- **Action item**:
Write out exactly, and only, the lines below from the line with "Benchmark-International-Grow-my-Business-Social" through the line with "Modern Banker Slim"; pictures do not belong in the copy.

- **Listed entries**:
<<<<

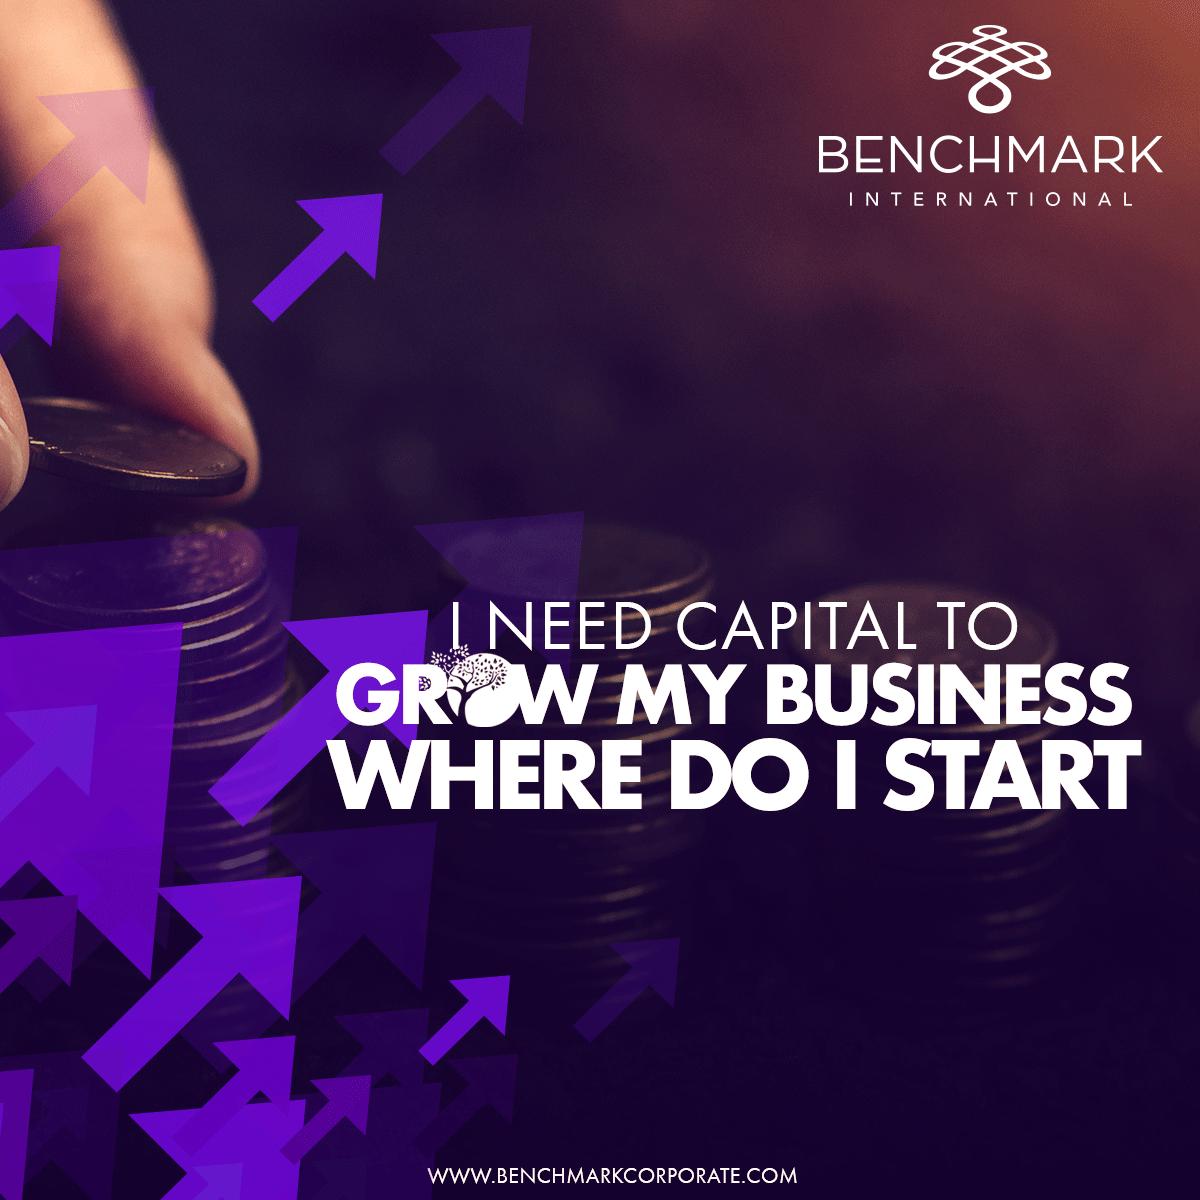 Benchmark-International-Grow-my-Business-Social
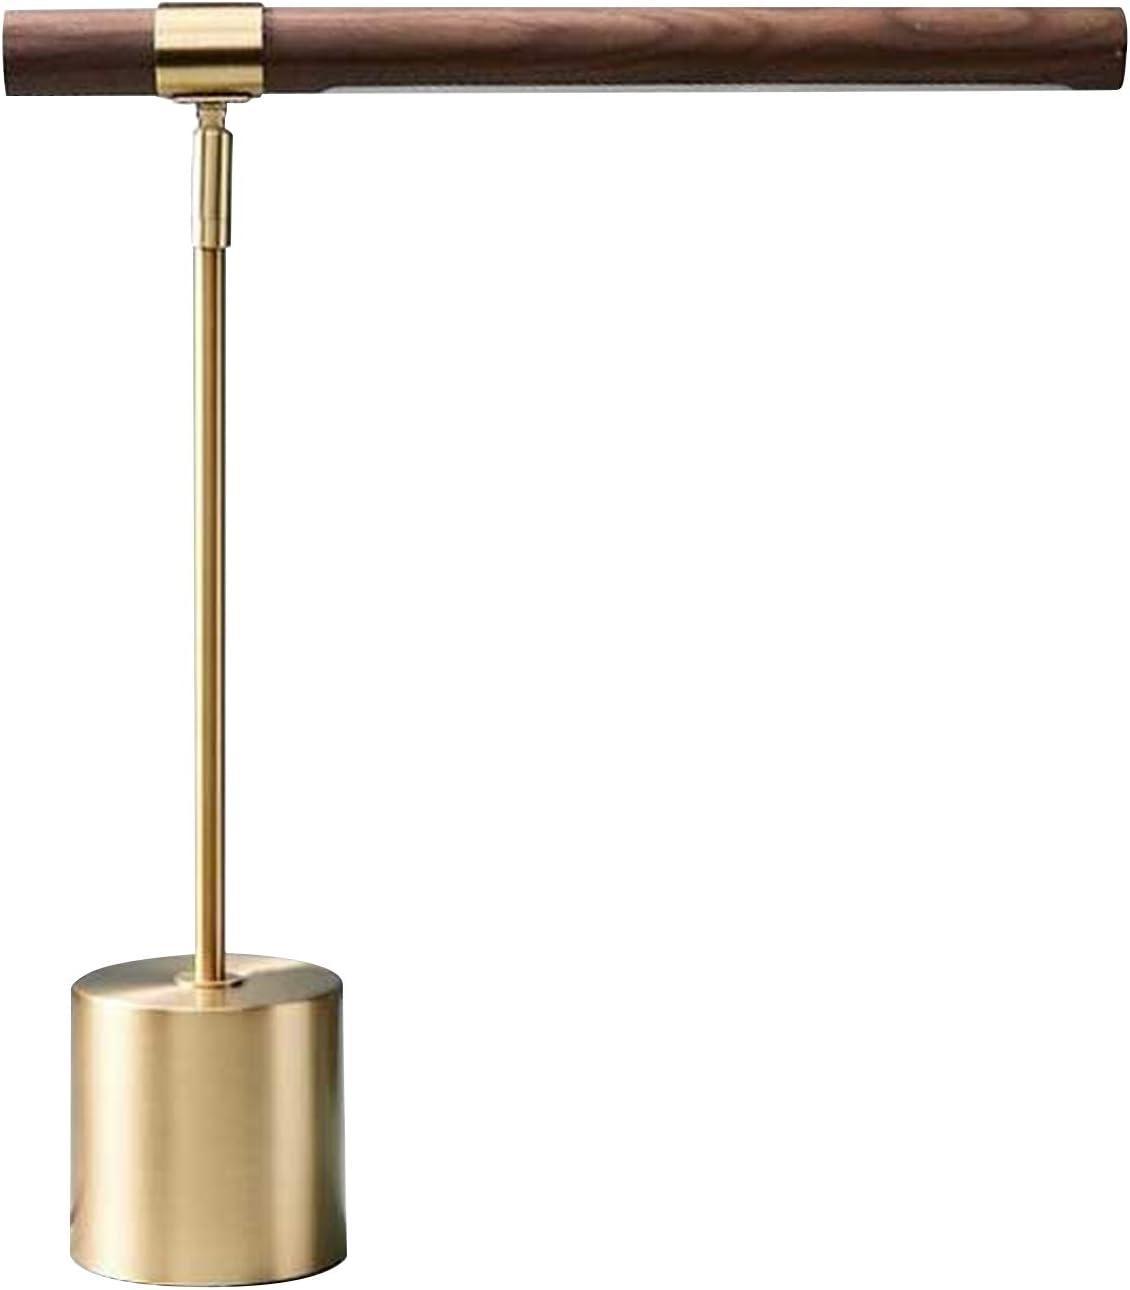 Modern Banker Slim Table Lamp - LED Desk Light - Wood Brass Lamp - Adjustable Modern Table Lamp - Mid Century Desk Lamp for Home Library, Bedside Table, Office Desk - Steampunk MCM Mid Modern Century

>>>>
<<<<

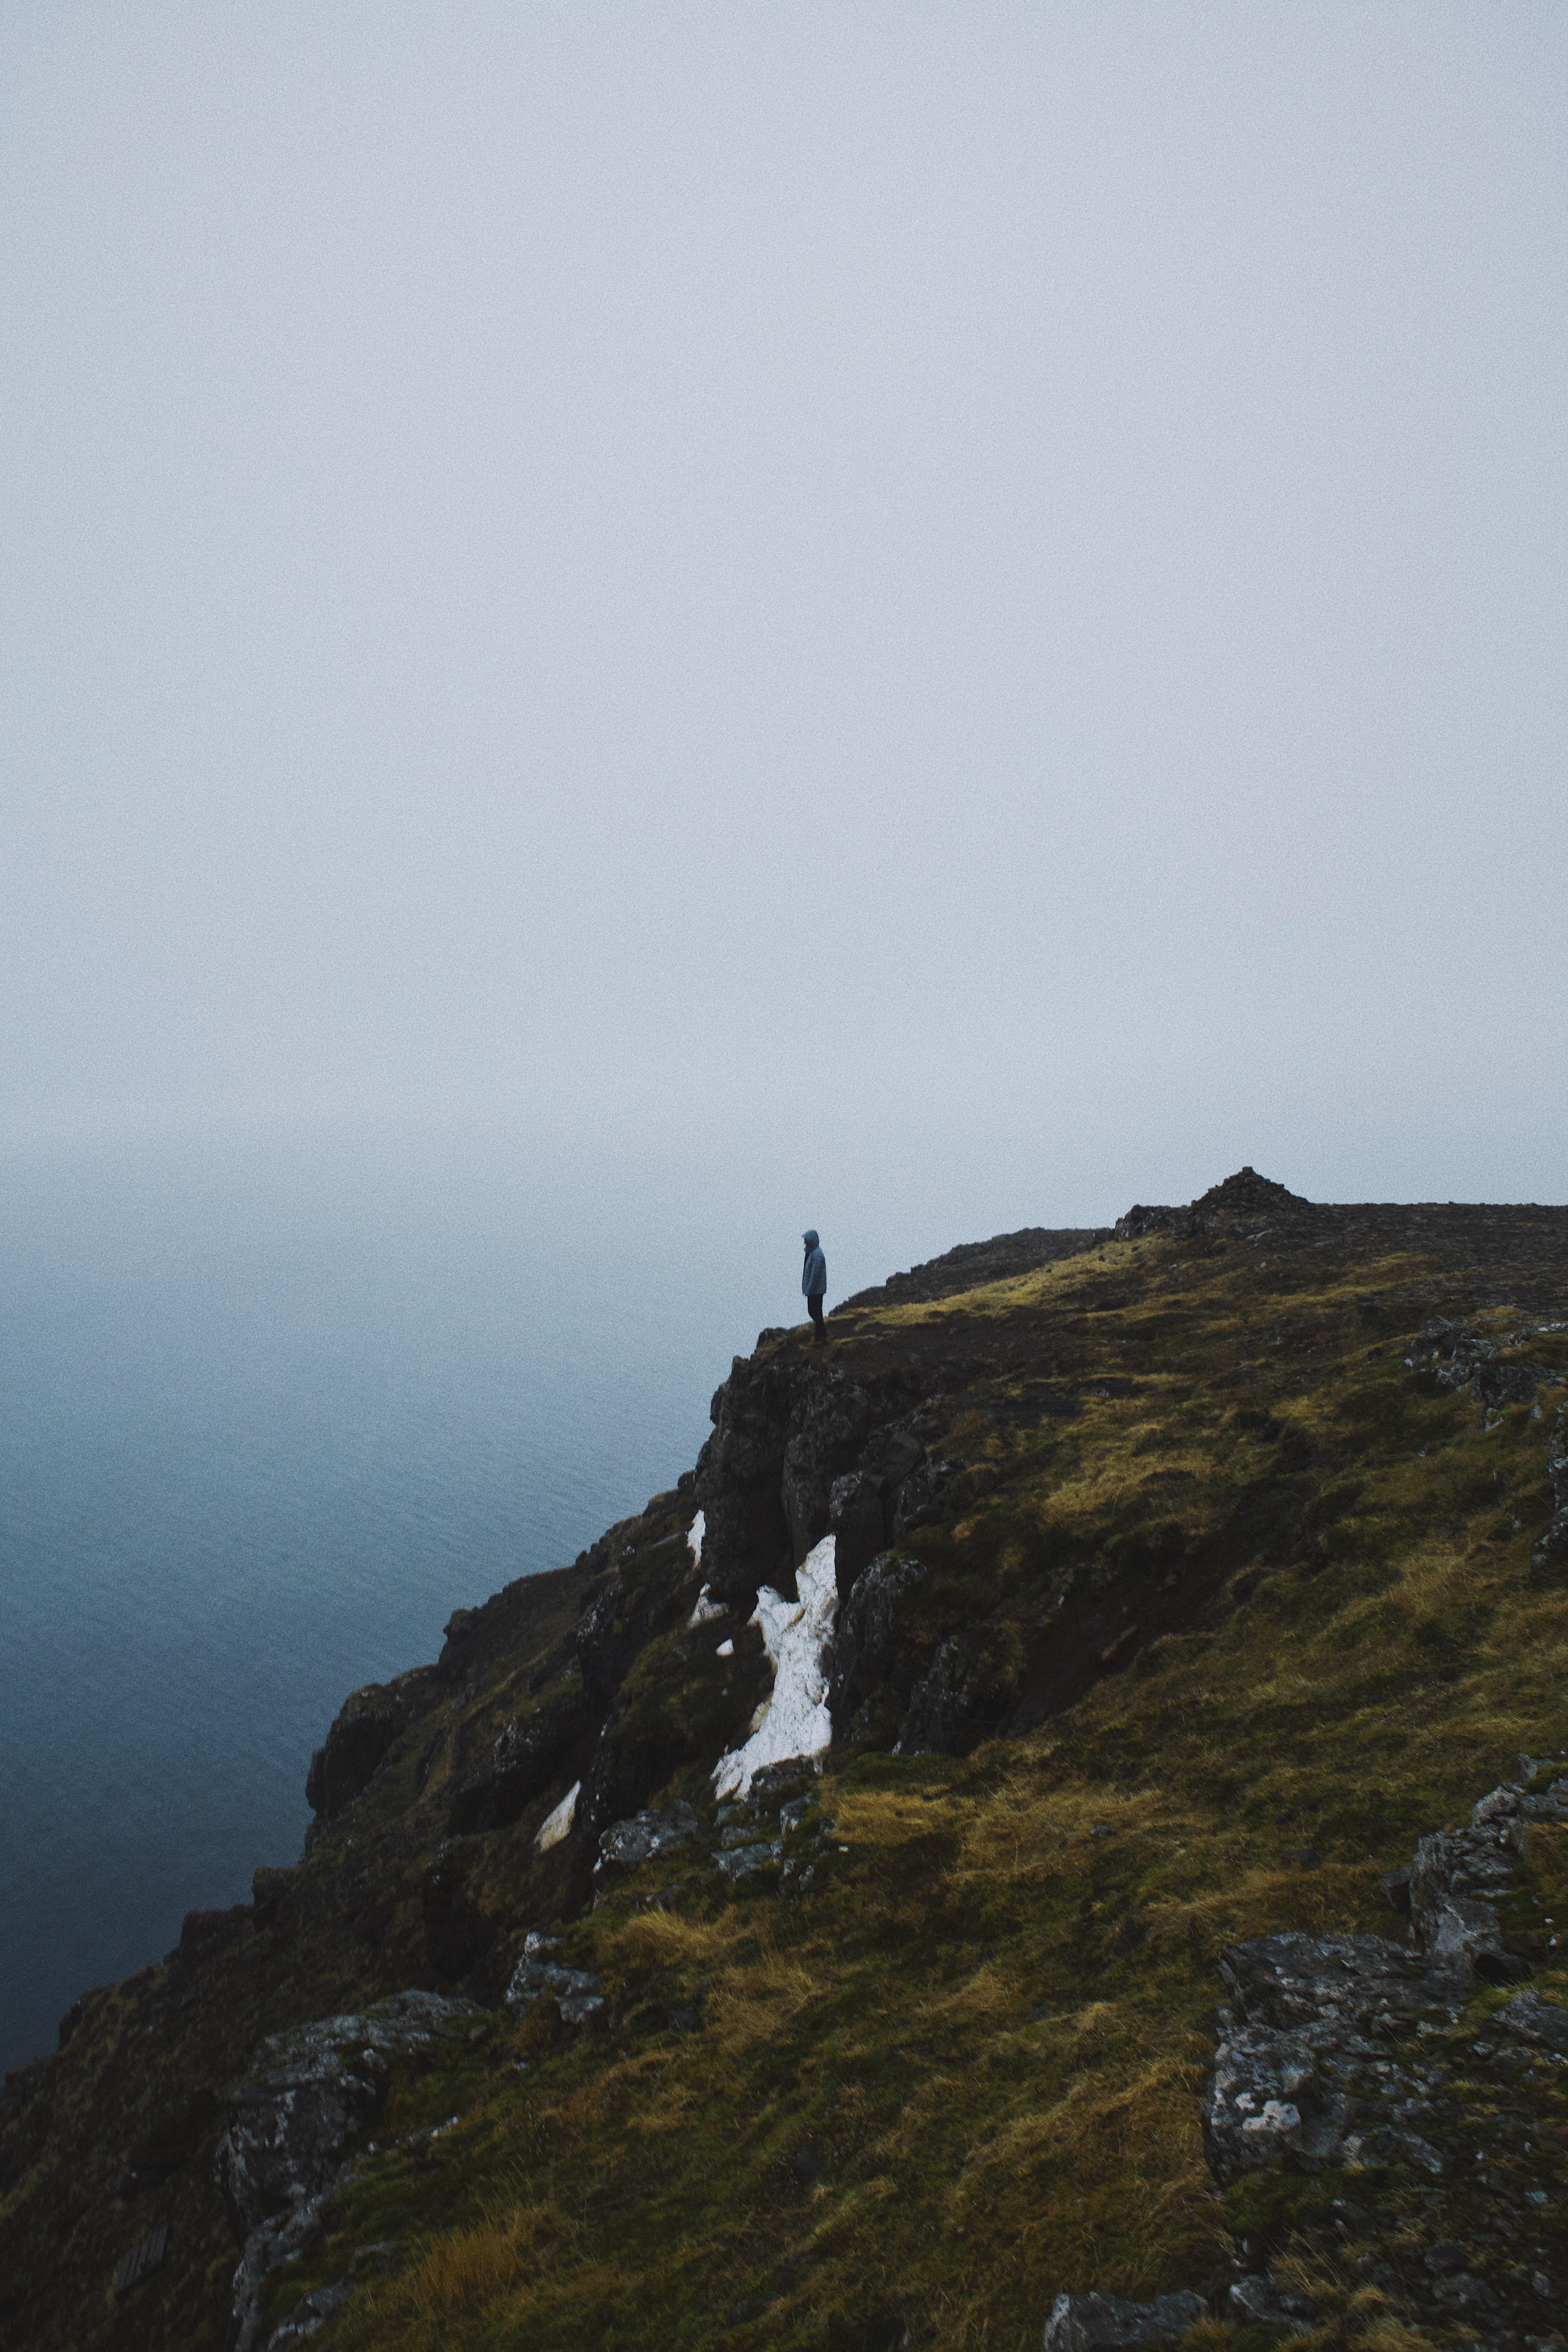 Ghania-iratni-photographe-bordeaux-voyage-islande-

>>>>

- **Answer for the task**:
 Benchmark-International-Grow-my-Business-Social
 Modern Banker Slim Table Lamp - LED Desk Light - Wood Brass Lamp - Adjustable Modern Table Lamp - Mid Century Desk Lamp for Home Library, Bedside Table, Office Desk - Steampunk MCM Mid Modern Century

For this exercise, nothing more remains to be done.